Арсиноя вымучила кислую улыбку, которая, впрочем, ничуть не испортила ее красоту. Цезарь поднял кубок с вином, кивнул ей и отпил маленький глоток.
— Мне нездоровится, — сказала сестра, поставив свой бокал. — Наверное, пойду в спальню и отдохну.
В ту же ночь она тайно покинула дворец в сопровождении своего евнуха-наставника Ганимеда и перебежала в расположение сил Ахиллы.
Я полагала, что это повергнет Цезаря в ярость, поскольку с бегством Арсинои наши враги перестали считаться обычными бунтовщиками, поднявшими мятеж против царской семьи. Однако даже когда они провозгласили Арсиною царицей, это ничуть не поколебало его обычного спокойствия.
— Что ж, она потеряла Кипр, — сказал он. — А ведь ни разу там не побывала. После победы мы с тобой обязательно посетим его. Это остров любви, где из морской пены родилась Венера, и любящим лучше всего посещать его вместе.
После победы… вот как он был уверен в себе!
В вечер перед выступлением он долго стоял на крыше дворца, внимательно разглядывая гавань, дамбу и маяк. Руки его вцепились в перила ограждения, и я видела, как напрягались мускулы, когда он стискивал пальцы.
— Задача нелегкая, — признал Цезарь. — Путь до цели долог, а фронт наступления слишком узок, чтобы ввести в дело много людей одновременно.
Позади него слуги зажигали вечерние факелы, а заходящее солнце окрашивало будущее поле боя багрянцем.

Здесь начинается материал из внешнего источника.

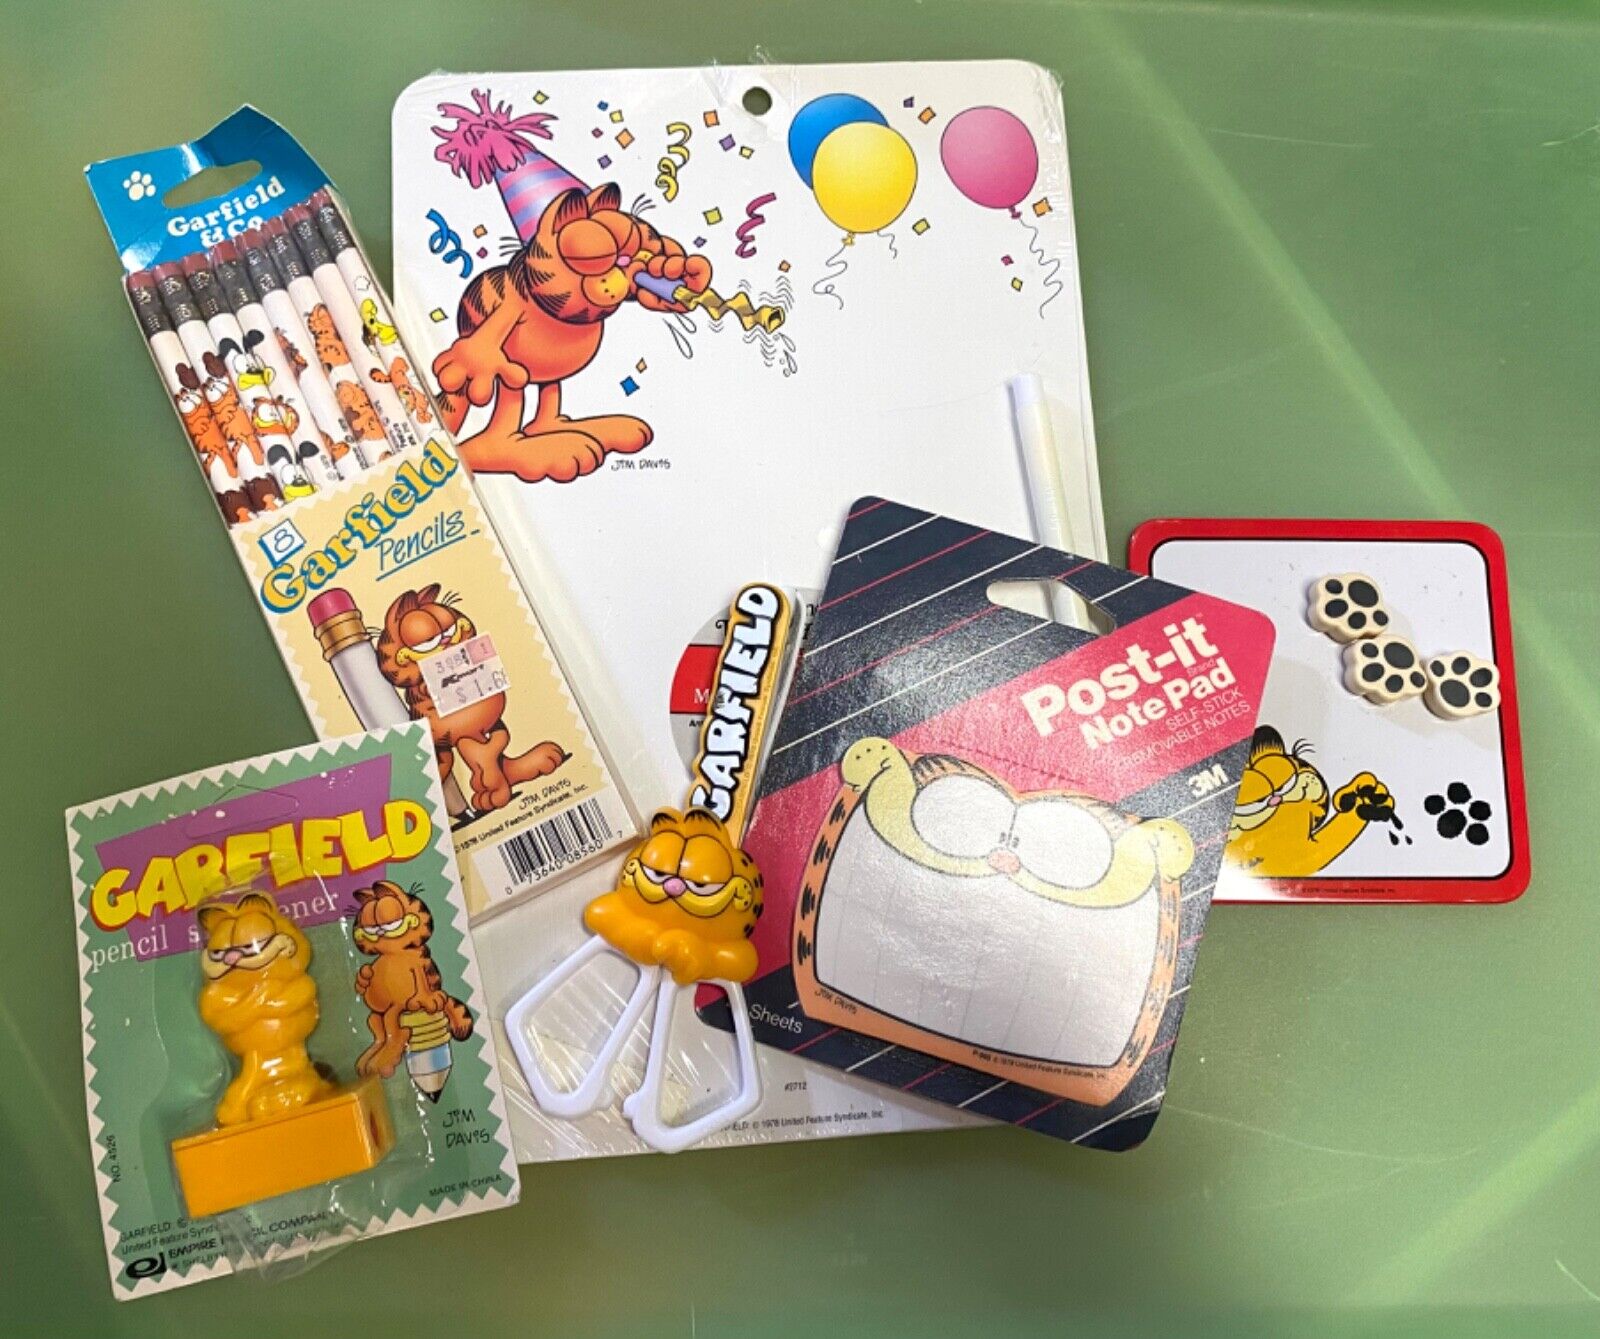 Vintage Garfield items, pencils and more

— Смотри, — сказал он, — сегодня это место окрашивается солнцем, а завтра оно покраснеет от людской крови.
— Не представляю себе, как можно к такому привыкнуть. Как можно приучить себя к смерти, — проговорила я.
— Смерть? — Цезарь пожал плечами. — Может быть, я похож на царя Пергама. Он выращивал в своем саду ядовитые растения вместо цветов и привык вдыхать их аромат. Может быть, я окружаю себя смертью, чтобы приучить себя к ней.
— И получается?
— Думаю, да, — кивнул он. — Во всяком случае, не кривя душой могу заявить, что мысль о собственной смерти не вызывает у меня ужаса. Только печаль и сожаление о том, что придется оставить. — Он обернулся, посмотрел мне прямо в глаза, и даже в сумраке его взгляд приковывал к себе. — Мне бы очень не хотелось покинуть тебя так скоро. Нам столько надо обсудить, столько всего испробовать и увидеть. Для нас все только начинается. Когда я отправился в Галлию, мне было сорок два. Новый мир, бесконечное зеленое пространство — леса, горы, озера, реки; неизведанное ожидало меня. Того, что мне довелось испытать там за девять лет, хватило бы для любого человека. Но теперь я хочу не меньше, а больше. Костер моей жизни не прогорел и не погас, он пылает еще ярче. — Он снова повернулся и стал смотреть на постепенно покрывающуюся туманом гавань. — Поэтому мне кажется невозможным, что завтра там, внизу какой-то заостренный кусок металла навсегда потушит этот огонь.
Я обняла его и спросила:
— Разве вы, римляне, не верите в трех бессмертных сестер, в чьих руках нить человеческой жизни? Одна из них прядет нить, другая отмеряет ее, третья отрезает. Твоя судьба еще не отмерена.
— Увы, эти сестры делают свое дело с таким умением, что никто не знает, когда его нить еще только прядут, а когда уже подносят к ней ножницы, — ответил он, но тут же добавил совсем другим тоном: — Оставим это, подобные разговоры не к добру. Идем.
Цезарь резко повернулся и покинул крышу.
Странность Александрийской войны заключалась в том, что на следующий день я имела возможность наблюдать за событиями с крыши собственного дворца. Не то чтобы мне этого хотелось, однако информация о ходе сражения была необходима, а для того, чтобы составить себе полную картину происходящего, недостаточно донесений гонцов. Лучше видеть все собственными глазами.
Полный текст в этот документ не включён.